Visualization of large-scale datasets with R GViz, Maps and Tabplot.

Data Simulation, Boostrapping and Permutation testing These methodologies allow a fast solution to complex statistical models without a deep knowledge of the general and classical statistical topics. They are indispensable tools in the current statistical modelling techniques. The students will complete a basic training program, including the use of an appropriate software, and they will learn how to attack several real data analysis problems.    

Bayesian networks, in the opinion of many researchers one of the most significant contribution in AI in this century, are graphical structures for representing the probabilistic relationships among a large number of variables and for doing probabilistic inference with those variables, with a huge number of application fields. One of the objectives of this course is to introduce them and develop in students some skill in their use in modelling, both from a theoretical and applied point of view, with particular emphasis on the use of appropriate software.

Competences

  • Analyse complex systems in different fields and determine the basic structures and parameters of their workings.
  • Analyse, synthesise, organise and plan projects in the field of study.
  • Apply logical/mathematical thinking: the analytic process that involves moving from general principles to particular cases, and the synthetic process that derives a general rule from different examples.
  • Apply specific methodologies, techniques and resources to conduct research and produce innovative results in the area of specialisation.
  • Apply techniques for solving mathematical models and their real implementation problems.
  • Conceive and design efficient solutions, applying computational techniques in order to solve mathematical models of complex systems.
  • Formulate, analyse and validate mathematical models of practical problems in different fields.
  • Isolate the main difficulty in a complex problem from other, less important issues.

Learning Outcomes

  1. Analyse, synthesise, organise and plan projects in the field of study.
  2. Apply logical/mathematical thinking: the analytic process that involves moving from general principles to particular cases, and the synthetic process that derives a general rule from different examples.
  3. Apply specific methodologies, techniques and resources to conduct research and produce innovative results in the area of specialisation.
  4. Apply temporary-series techniques to predict the behaviour of certain phenomena.
  5. Apply temporary-series techniques to study models associated with practical problems.
  6. Choose the best description of a system on the basis of its particular characteristics
  7. Identify the parameters that determine how a system works.
  8. Implement the proposed solutions reliably and efficiently.
  9. Isolate the main difficulty in a complex problem from other, less important issues.
  10. Recognise problems that require the use of temporary-series techniques to build models associated with practical problems.
  11. Use specific software to solve optimisation problems..

Content

Part 1: Introduction to R (6h)

Part 2:  Visualization of large-scale datasets with R (6h)

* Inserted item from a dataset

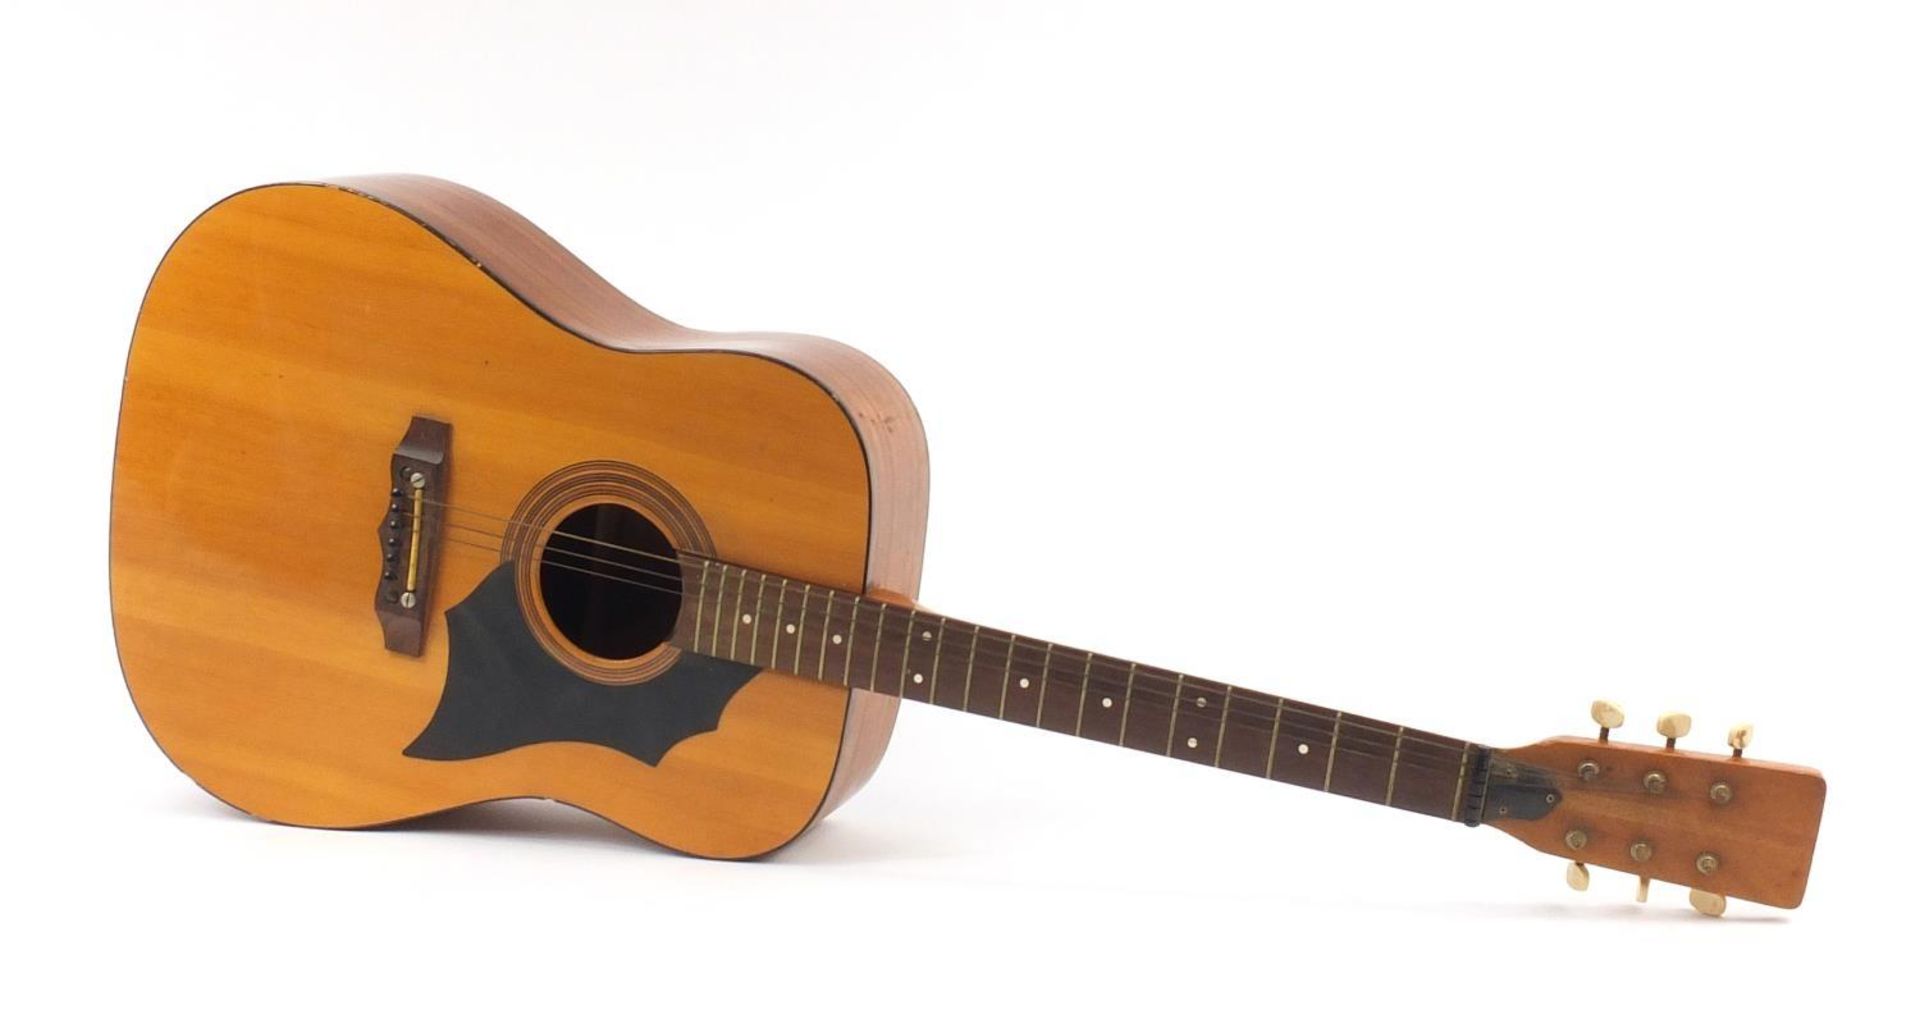 Italian six string acoustic guitar model KD28/D, 105cm in length - Image 2 of 4

Part 3: Bayesian Networks (14h)

1)      Block 1: Basics.

2)      Block 2: Causal networks and Inference in Bayesian networks.

3)      Block 3: Learning Bayesian network parameters.

Part 4: Data Simulation, Boostrapping and Permutation testing (12h)

1)      Permutation tests.

2)      Jackknife.

3)      Parametric Bootstrap.

4)      Non-parametric Bootstrap.

Methodology

In this course lectures, in which the determining factor is the teacher's explanation, are the basis of the learning process. It is also very important the participation of the students, combined with practical sessions in which it is the student him/herself who must use the knowledge to solve problems.

Annotation: Within the schedule set by the centre or degree programme, 15 minutes of one class will be reserved for students to evaluate their lecturers and their courses or modules through questionnaires.

Activities

Title Hours ECTS Learning Outcomes
Type: Directed      
Exercises 16 0.64 2, 1, 3, 5, 4, 9, 7, 8, 10, 6, 11
Lectures 38 1.52 5, 4, 7, 8, 10, 6
Projects + Assigments 18 0.72 2, 1, 3, 5, 4, 9, 7, 8, 10, 6, 11
Type: Supervised      
Practical sessions 20 0.8 5, 4, 7, 8, 10, 6

Assessment

The evaluation of the course consists in a continuous assessment.

There are 4 assessments during the course, weighted as 10%, 10%, 40%, 40% corresponding to each part.

Each professor will explain his or her own type of assessment.

 

Part 1 assessment: Daily homework + final project (individual simple real data analysis with R).

Part 2 assessment: Daily homework + final project

Part 3 assessment: Daily homework + delivery of some exercises + exam.

Part 4 assessment: Daily homework + delivery of some exercises.

Assessment Activities

Title Weighting Hours ECTS Learning Outcomes
Daily homework 50 38 1.52 2, 1, 3, 5, 4, 9, 7, 8, 10, 6, 11
Projects + Exam 50 20 0.8 2, 1, 3, 5, 4, 9, 7, 8, 10, 6, 11

Bibliography

  • Resampling methods: a practical guide to data Analysis. Phillip I. Good, 2006.
  • The jackknife, the bootstrap and other resampling plans. Bradley Efron, 1982.
  • Bootstrap methods and their application. A.C. Davison, D.V. Hinkley, 1997.
  • "Learning Bayesian Networks" by R. E. Neapolitan, Prentice Hall Series in Artificial Intelligence, 2004.
  • "Probabilistic Methods for Bioinformatics with an Introduction to Bayesian Networks" by R. E. Neapolitan, Elsevier, 2009.

Software

The R programming language will be utilized.